2016-2017シーズンのジャパンラグビートップリーグで神戸製鋼コベルコスティーラーズの一員としてプレーしたのを最後に、引退していた元南アフリカ代表のジャック・フーリー(35歳)が、スーパーラグビーから除外されて国際大会新設を計画しているウェスタン・フォース(オーストラリア)に、選手兼ディフェンスコーチとしてのオファーを受け入れて加入することが明らかとなった。

 ワールドカップ3大会出場を含め南ア代表として72キャップを獲得し、かつて世界最強の13番(アウトサイドセンター)と呼ばれたフーリー。現役バリバリだった2011年にパナソニック ワイルドナイツに加入し、2012年から5年間、神戸製鋼に在籍。来日1年目から活躍し、トップリーグのベストフィフティーンに2011年度から4季連続で選出された。

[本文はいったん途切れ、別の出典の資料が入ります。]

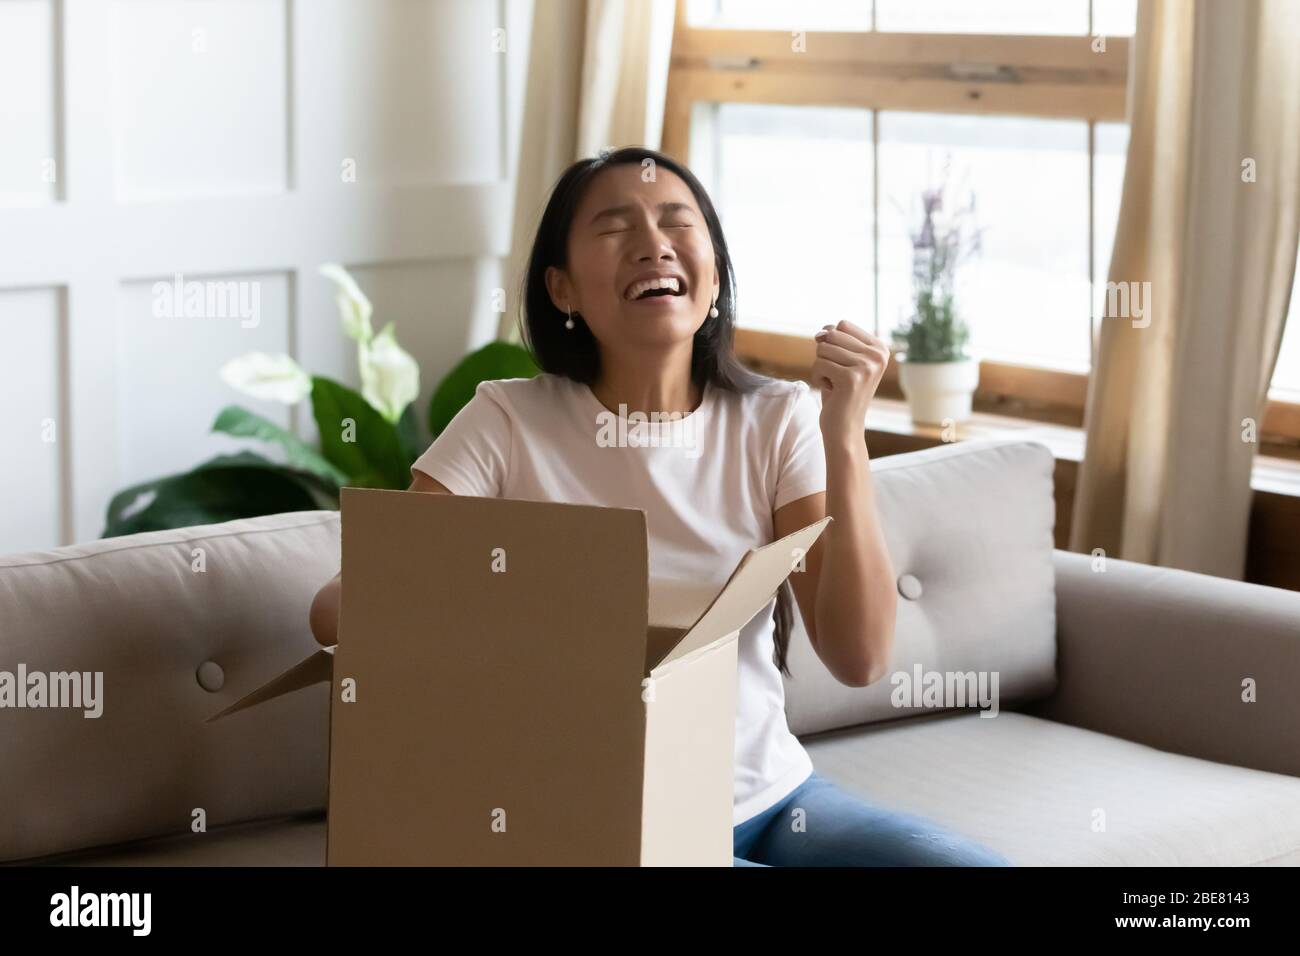 Asian woman sitting on sofa opens delivered parcel feels overjoyed Stock Photo

 今回、フォース加入で現役復帰ととらえる報道もあるが、フーリーはそれを必要としておらず、約束できないという。フォース側は世界的ビッグネームのフーリーに数試合出場してほしいと考えているものの、本人は母国・南アのメディアに対し、「エキシビションマッチに何試合か出るだろうが、この契約はコーチングのためのもの。純粋にコーチングの道へ足を踏み入れるため」と語っている。

 日本のサンウルブズも参戦しているスーパーラグビーが2018年大会からチーム数を削減して再編されることになり、成績不振と観客数激減などによる財政的な理由で除外されたフォース。しかし、鉄鉱業の大富豪であるアンドリュー・フォレスト氏が支援して新たな大会の創設を計画し、3月6日、「ワールドシリーズラグビー」(WSR)という名の7試合の招待試合シリーズを今年5月から8月にかけて実施すると発表した。対戦相手は、フィジー代表、トンガ代表、サモア代表、香港代表のほか、テストマッチ期間でスーパーラグビーが一時中断する6月にはレベルズ(オーストラリア)、クルセイダーズ(ニュージーランド)とも試合をおこなう。8月17日の対戦相手は未定だが、現地メディアの『FOX SPORTS』によると、日本のチームになりそうだという。

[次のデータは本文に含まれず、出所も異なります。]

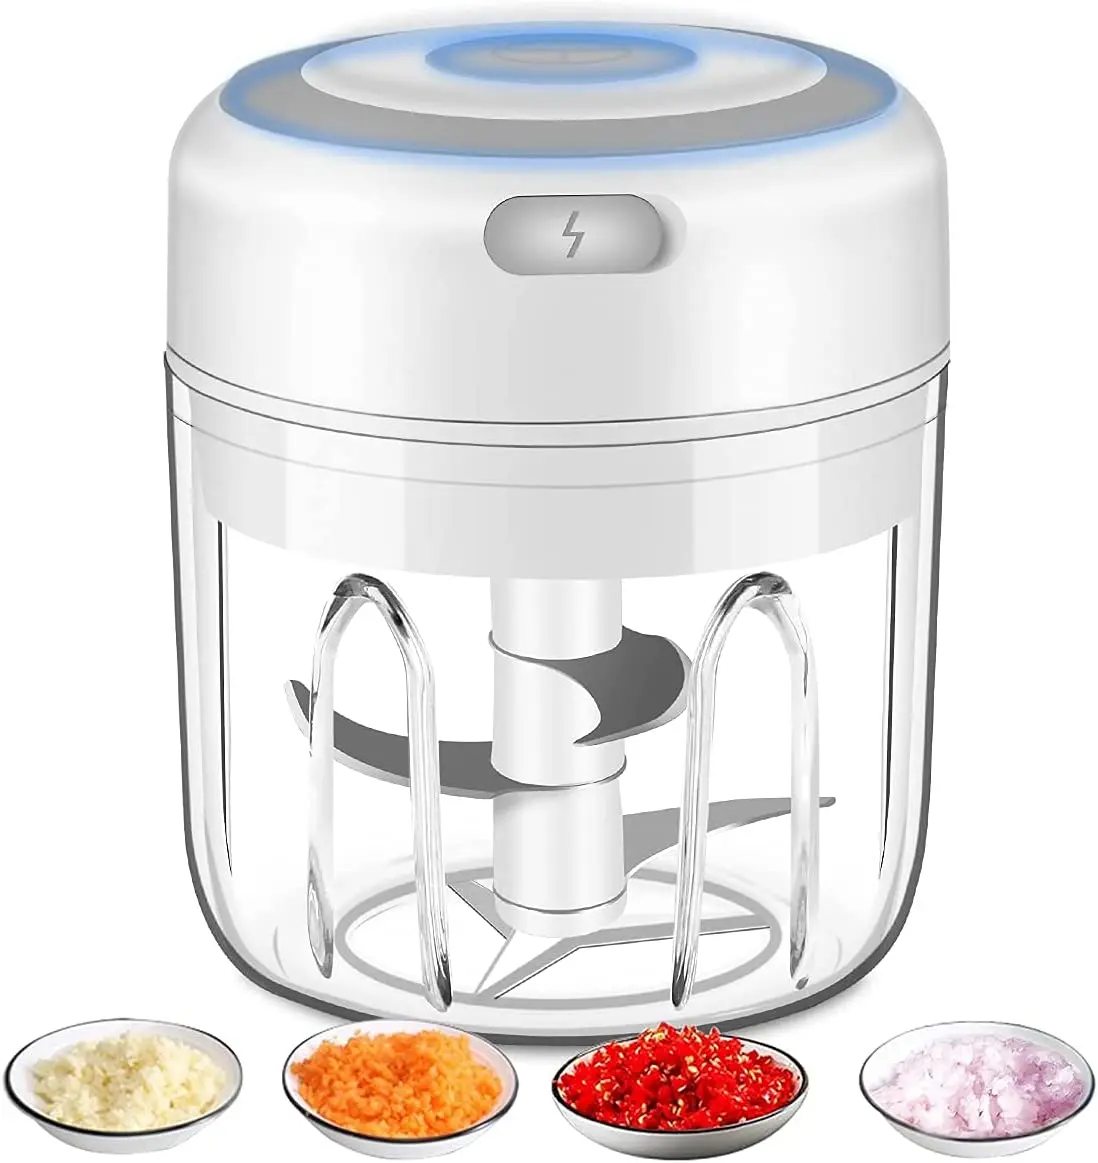 Electric Mini Garlic Chopper, Portable Food Processor, Vegetable Chopper Onion Mincer, Cordless Meat Grinder with USB Charging

 毎年9月頃から約2か月間にわたっておこなわれるオーストラリアの国内選手権大会(NRC)にはこれまで、フォースの予備軍だったパース・スピリットが参加していたが、今年からフォースが出場することとなり、WSRはその準備も兼ねることになりそうだ。
 創設者であるフォレスト氏の野望は大きく、WSRを発展させて、2019年にはアジア太平洋地域における新たな国際大会をスタートする計画を持っている。

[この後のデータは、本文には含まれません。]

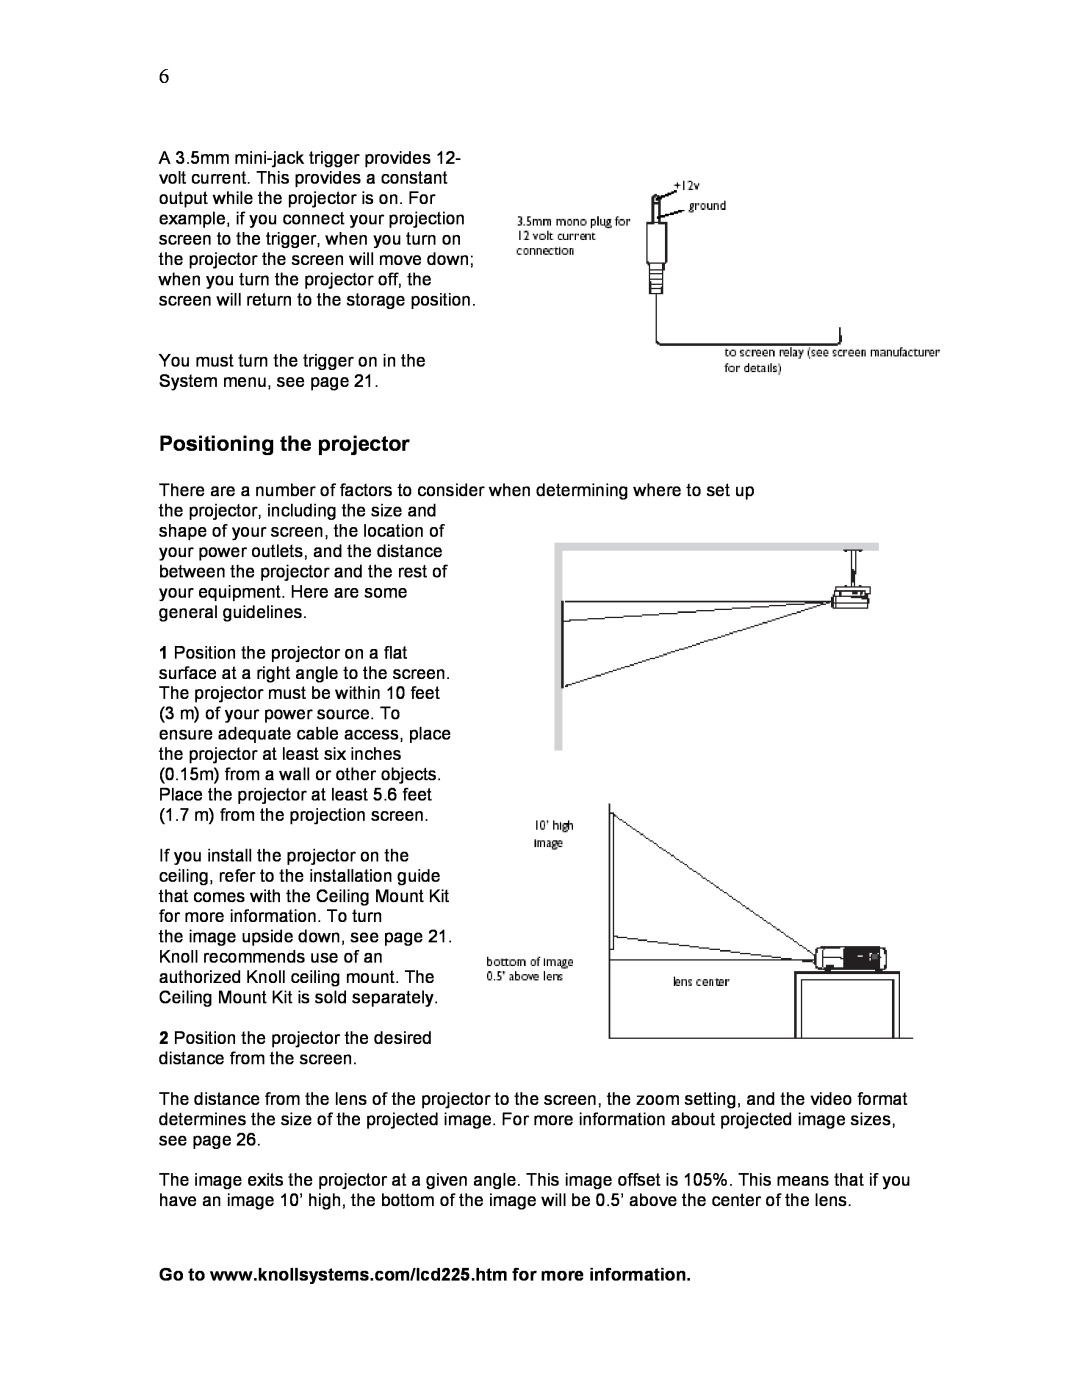 Knoll Systems HD225 user manual Positioning the projector

 3月6日にはフォースのスコッド26選手も発表され、コーチ兼任で2年契約を結んだフーリーや、他チームに移籍しなかったオリジナルメンバーのほかに、三菱重工相模原ダイナボアーズでプレーしていた元オーストラリア代表のWTBロドニー・デイヴィス、オーストラリア出身でイタリア代表37キャップを持つLOジョシュ・フーノなども新戦力となった。
 一方で、フーリーとともに加入が噂されていた元南ア代表のアンドリース・ベッカー(2017年度末に神戸製鋼で引退。同チームのアシスタントコーチ就任予定)とライアン・カンコウスキー(2017年度をもってNTTドコモ退団)は入らなかった。